_AIM OF THE EXERCISE_.
With the pictures left out, print exactly the lines below that run from the one containing "Les chaises Medea sont un" through the one containing "Les chaises Medea sont fabriquées en".

_TASK INPUT_.
* * * * * * * * *

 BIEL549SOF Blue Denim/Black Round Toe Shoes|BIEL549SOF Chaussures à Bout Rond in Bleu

* * * * * * * * *

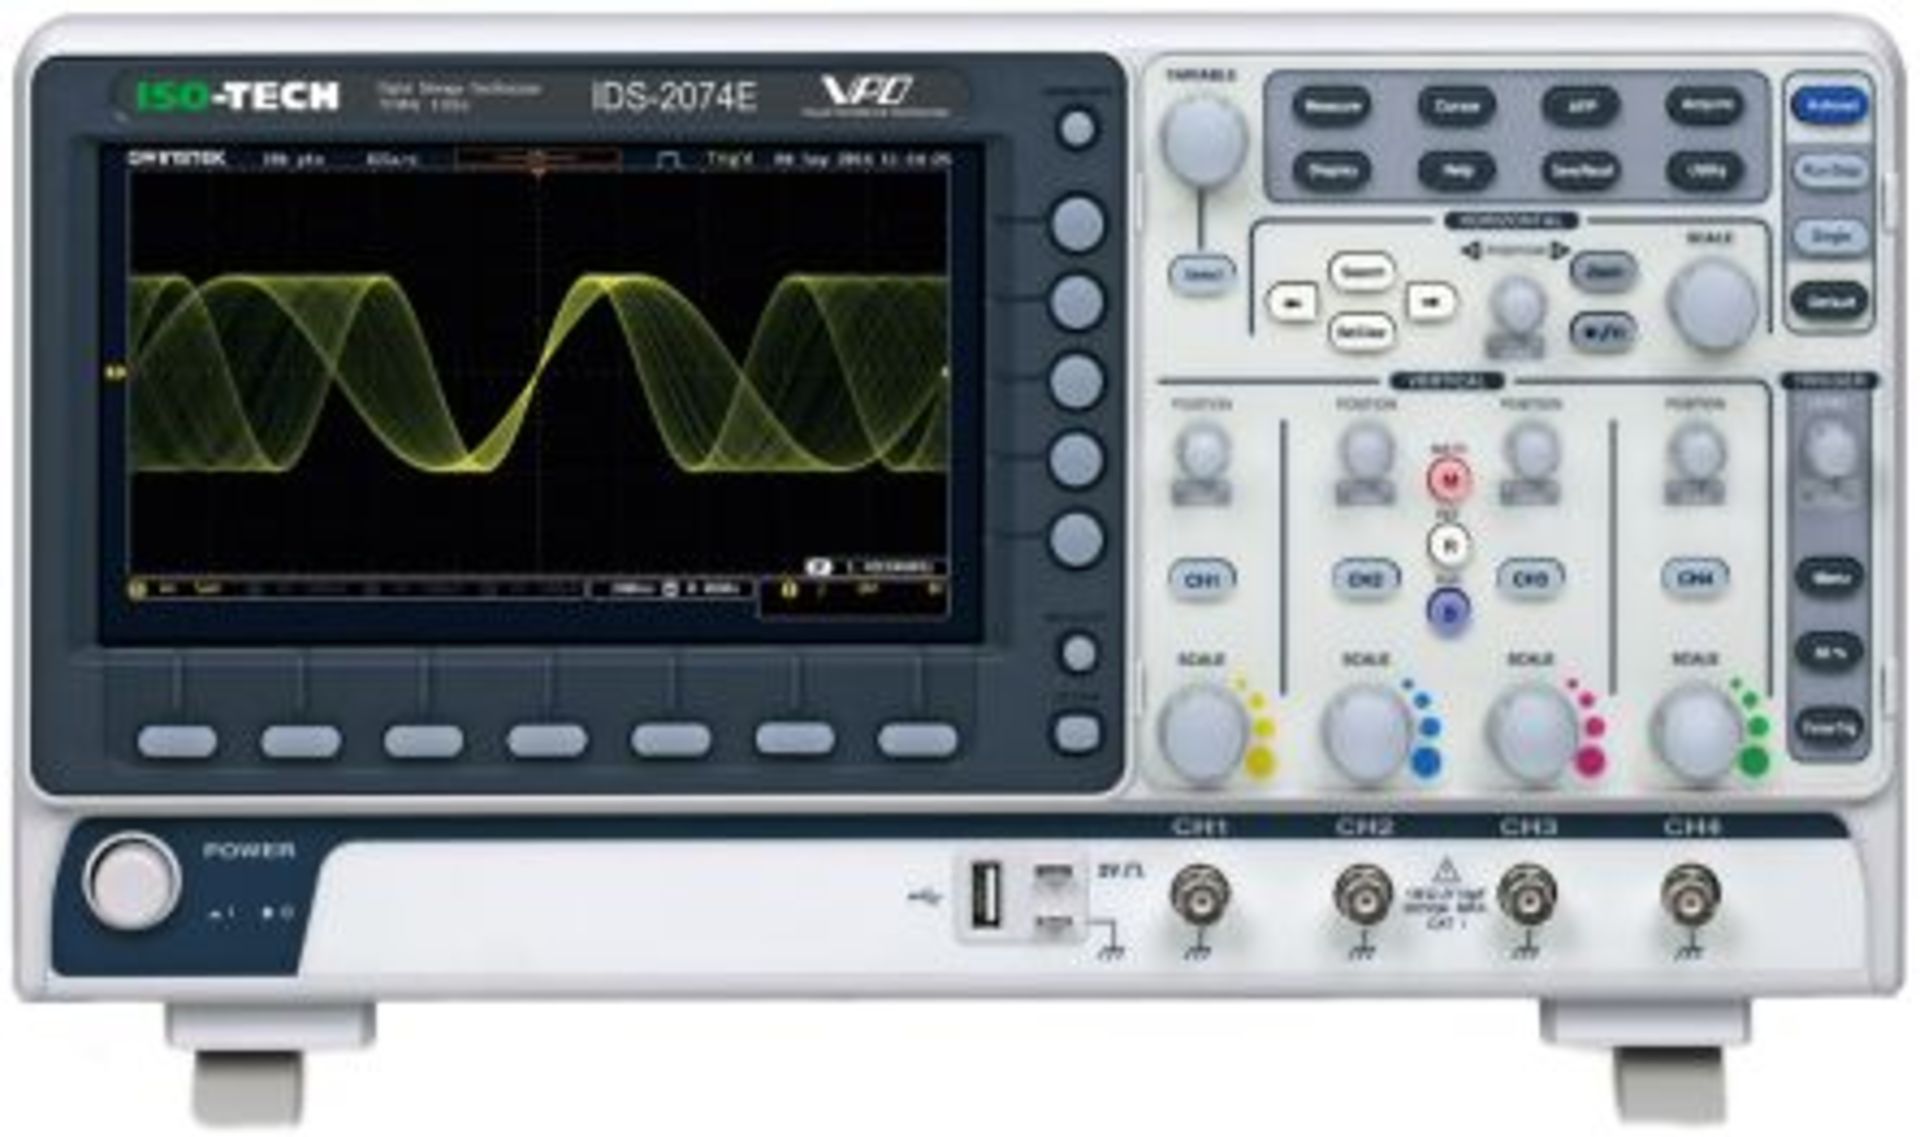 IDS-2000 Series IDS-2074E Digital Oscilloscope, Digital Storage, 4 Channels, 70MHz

* * * * * * * * *

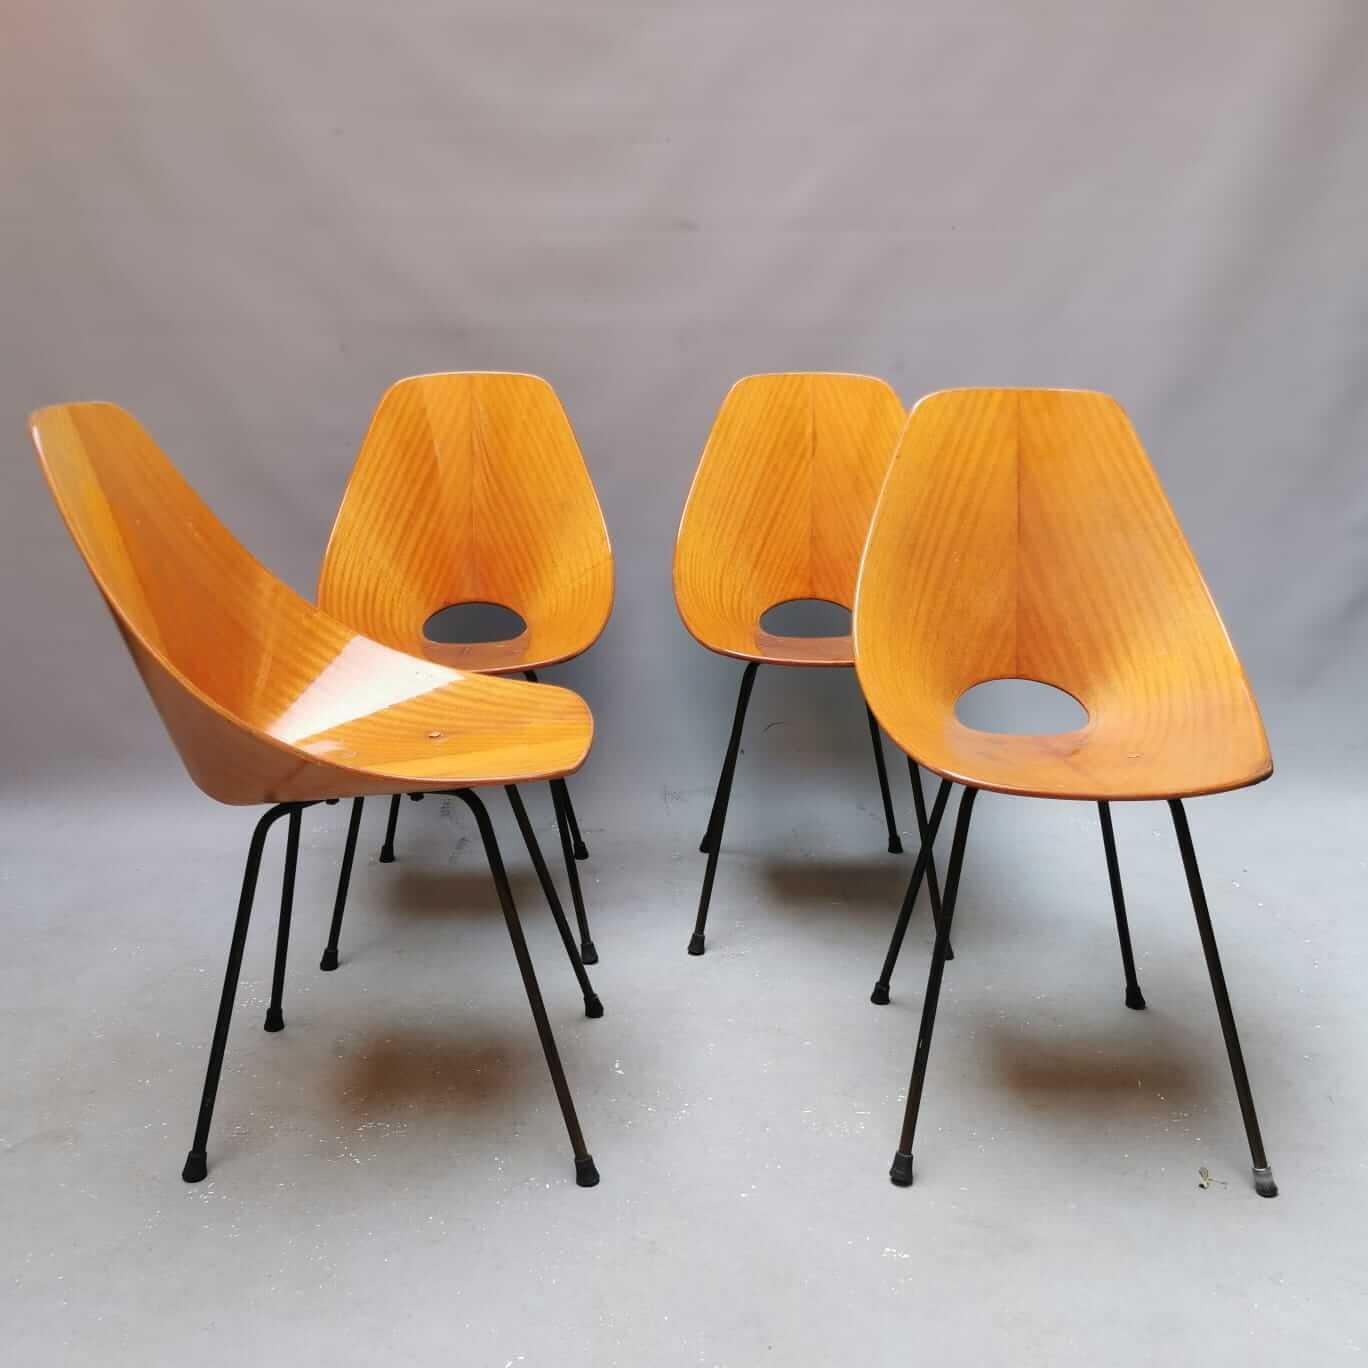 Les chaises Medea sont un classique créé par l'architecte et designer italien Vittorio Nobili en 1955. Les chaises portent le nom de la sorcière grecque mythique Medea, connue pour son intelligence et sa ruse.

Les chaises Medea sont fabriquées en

* * * * * * * * *

_OUTPUT FOR THIS EXERCISE_.
 Les chaises Medea sont un classique créé par l'architecte et designer italien Vittorio Nobili en 1955. Les chaises portent le nom de la sorcière grecque mythique Medea, connue pour son intelligence et sa ruse.

Les chaises Medea sont fabriquées en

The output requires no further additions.